Aquel día Marina no se arrepintió y salió contenta de aquel encuentro. Ella tenía razón, aquel fotógrafo no era cualquier persona. Algo había en él que le hacía ser diferente. No perdía nada por sacrificar un viernes de su “agenda de diversión”. Se intercambiaron los teléfonos y compartieron na copa en el jardín. Carmelo, como hipnotizado, no se separó de ella en toda la noche. Le fascinaba la seguridad en si misma que parecía tener Marina. La gente se acercaba a saludarle, para felicitarle por el excelente trabajo.
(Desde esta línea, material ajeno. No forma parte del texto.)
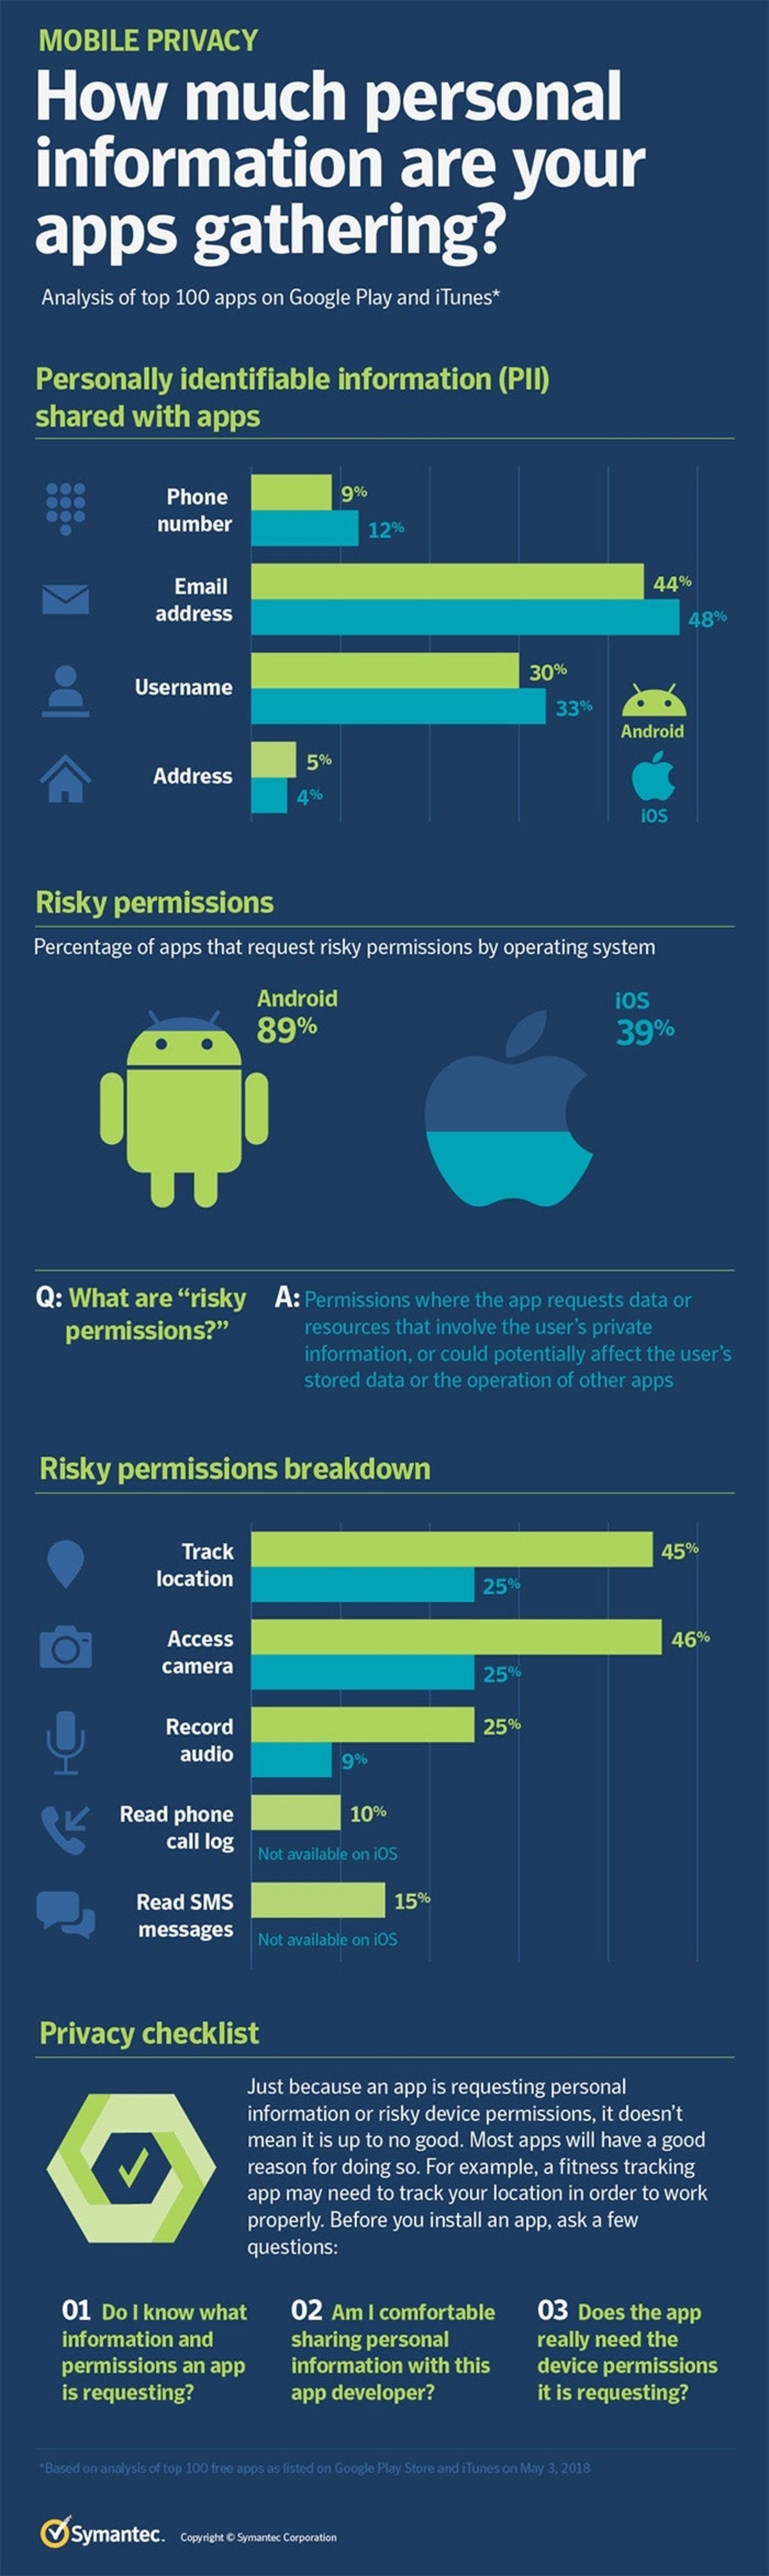 El 89% de las apps en Android tiene acceso a información sensible

Eso le halagaba, sobre todo cuando Marina, atenta a cada detalle, intervenía en la conversación para dar su opinión sobre alguna de las obras. Era tal su capacidad para captar la atención que hubo momentos en que se sintió un tanto ignorado. Aquella mujer parecía conocer su foto-libro mejor que él y que nadie de los presentes. Por un momento tuvo dudas sobre la conveniencia de aceptar aquella cena. Pero ya no fue capaz de volver atrás. Algo le decía que no iba a ser una cena más.